Helen Wildbore, Director of the Relatives & Residents Association, said: “The Budget is an insult to older people needing care, and their families. Our helpline hears every day from people who are relying on these vital services who already feel neglected and left behind by the Government. The sector was already on its knees before the pandemic hit and now it is at crisis point. Following a year of unremitting challenges, with care services stretched to breaking point and staff burnt out, support from the Chancellor was desperately and urgently needed. Older people and their families deserve better.”
Caroline Abrahams, Charity Director at Age UK and Co-Chair of the Care and Support Alliance said:
“We are deeply disappointed that no immediate or longer term support for social care, so badly battered by the pandemic, was announced in the Budget. Experts have been warning about the sustainability of many smaller care companies for some time and unfortunately the Chancellor spurned this opportunity to give them a helping hand. The result may well be an upsurge in closures over the next few months, putting more stress and strain on older and disabled people & their unpaid carers, who have already endured so much.

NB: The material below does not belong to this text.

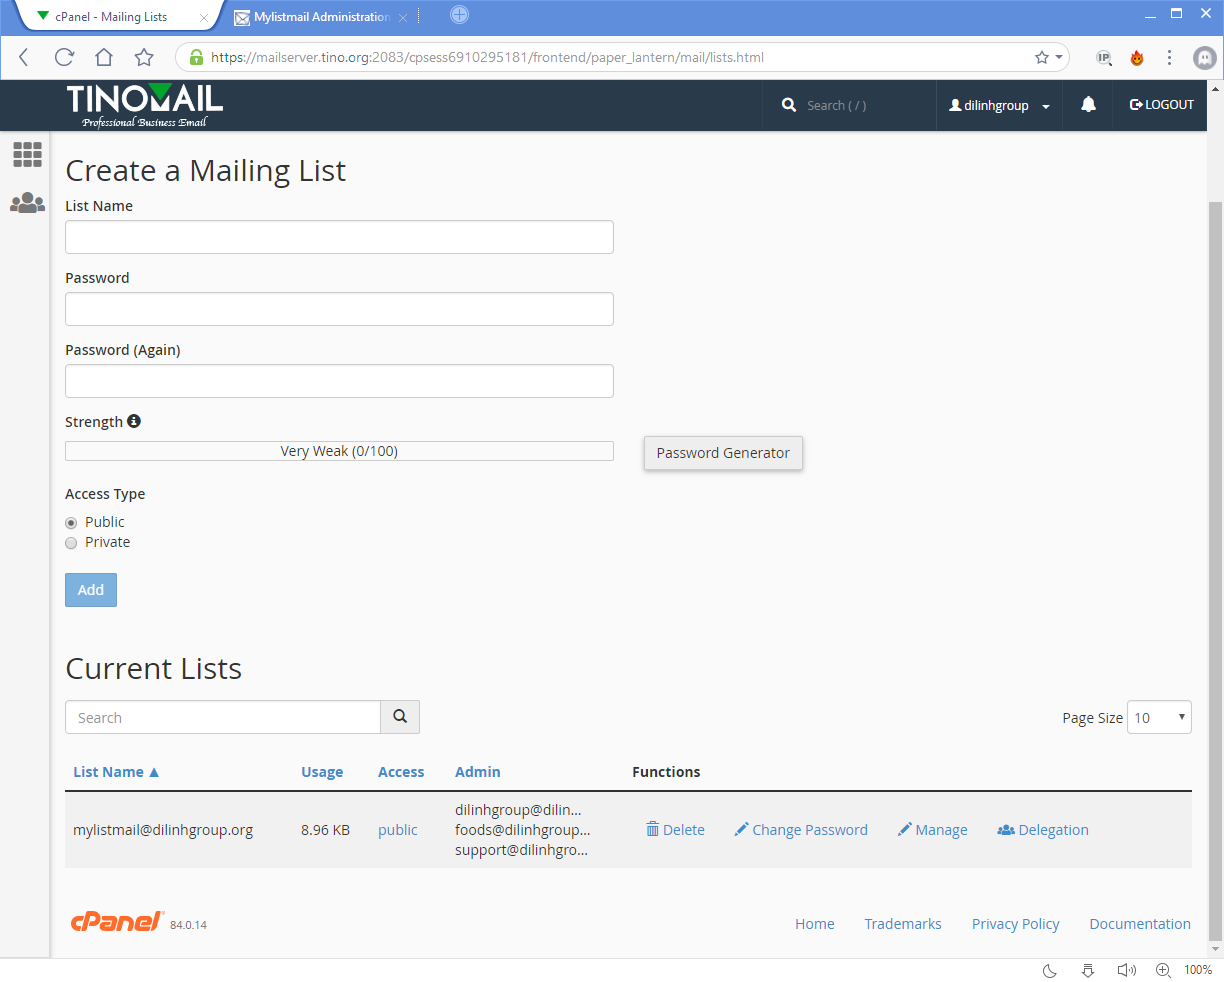 [cPanel] - Mailing Lists 4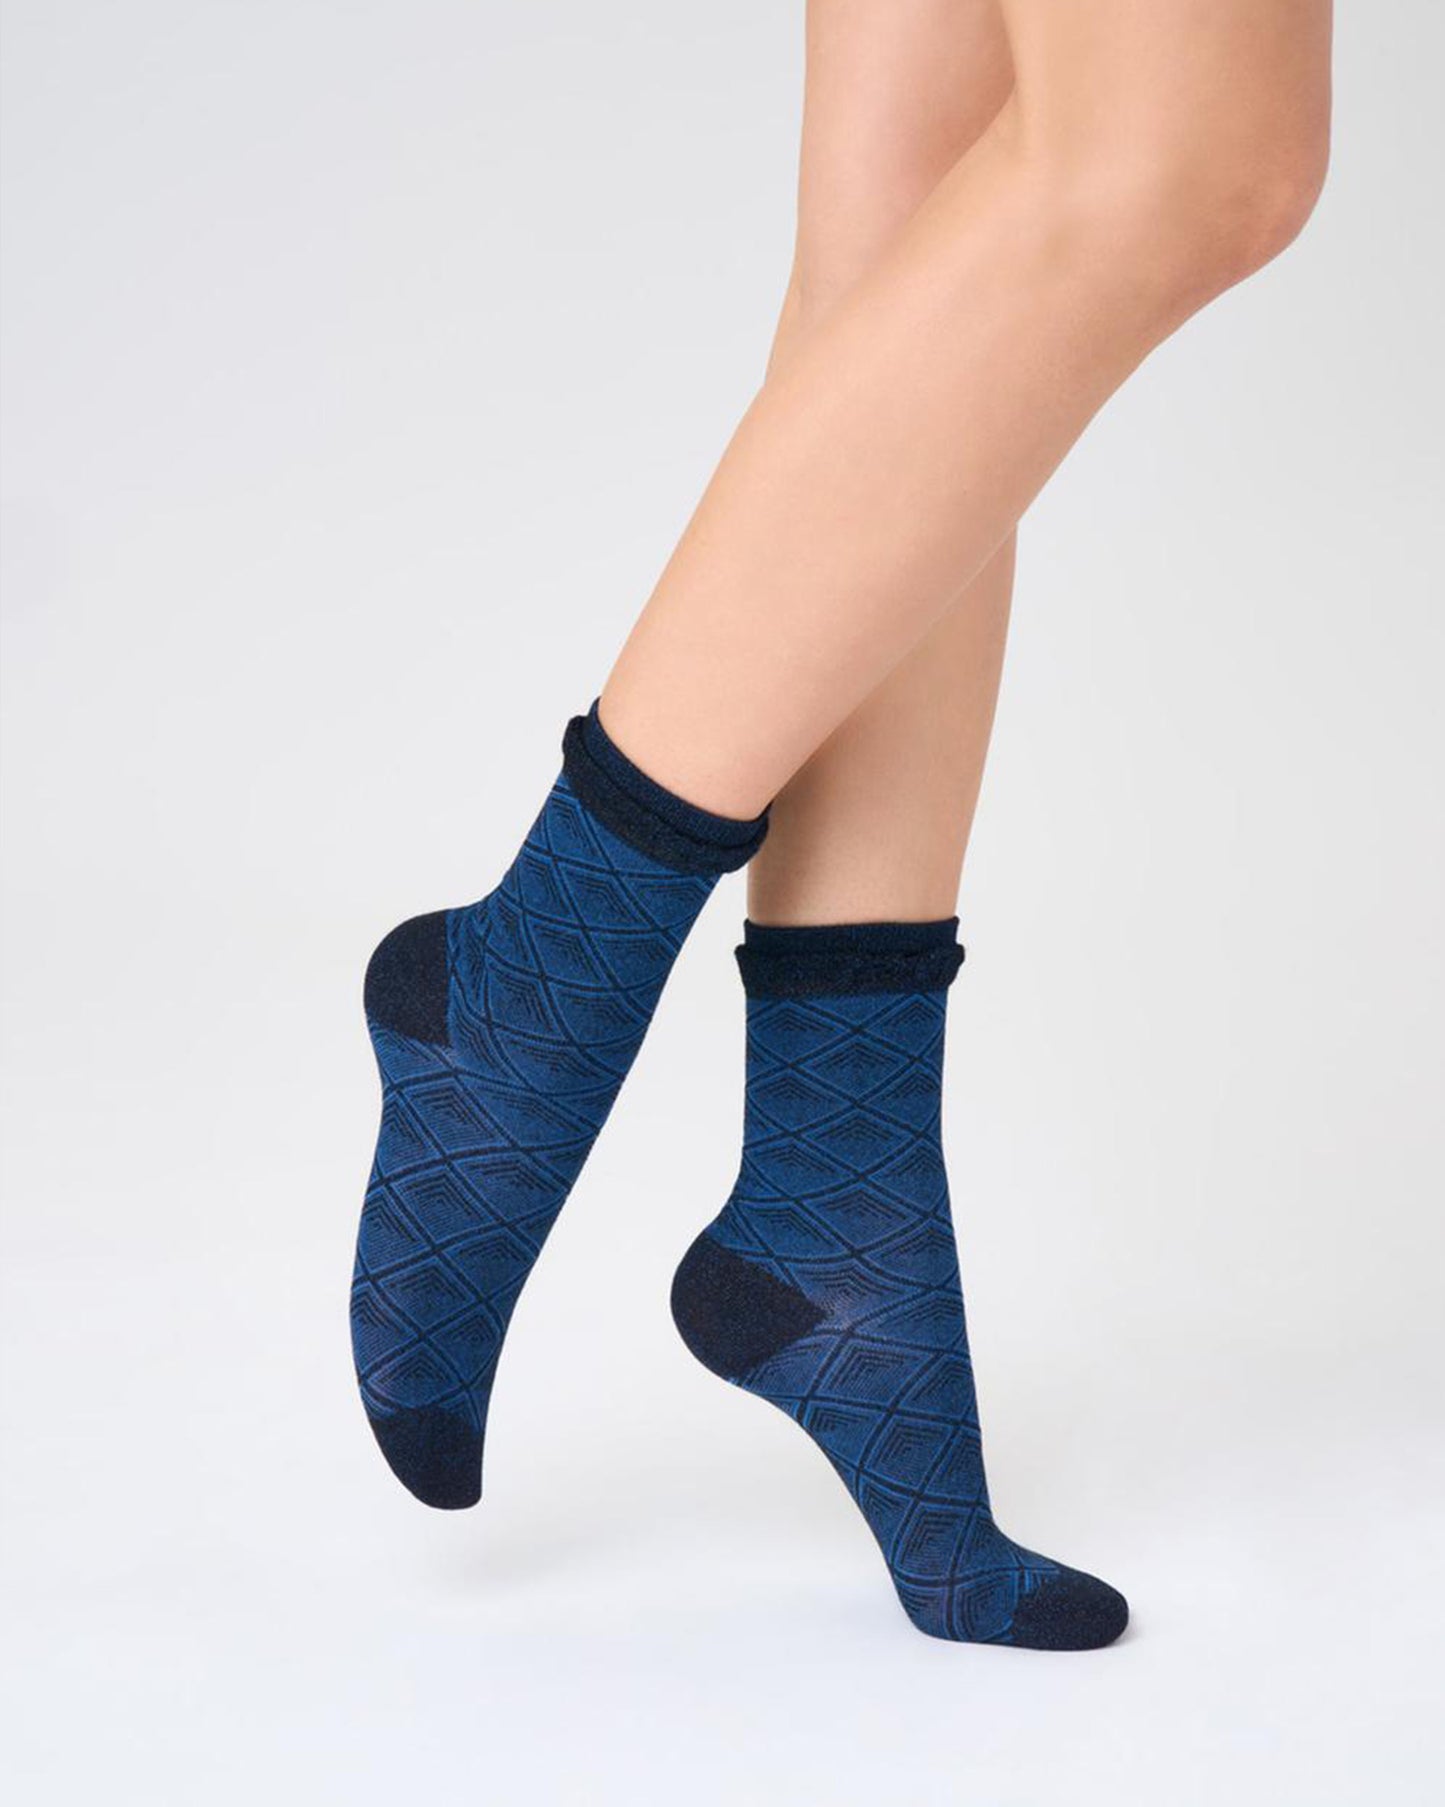 SiSi Geometrico Calzino - Light grey fashion ankle socks with a black diamond pattern, sparkly silver lamé knitted through a small frill cuff.

“We and many others will also be seeking assurances that the lack of any mention of longer term care refinancing and reform does not reflect an intention on the part of this Government to renege on its repeated promise to ‘fix’ care by bringing forward concrete proposals later in the year. “
Chris Thomas, head of the Better Health and Care Programme at IPPR, said:
On Funding for the NHS
“Many will be shocked to see so little in the budget on the NHS and care during a pandemic. The chancellor has not given enough support to help the NHS through its massive backlog. He has not pre-empted an inevitable rise in Covid-19 this winter. And he has not helped prepare against the risks posed by future health shocks: pandemics, climate change, anti-microbial resistance and an ageing population. For a government committed to ‘build back better’, it is a dangerous lack of foresight.”
On Social Care
“Covid-19 has been devastating for social care services and for the people who rely on them. The chancellor’s budget today brings no relief – the sector was not even mentioned in the hour-long speech. We urgently need free personal social care at the point of delivery, based on need and funded through general taxation.”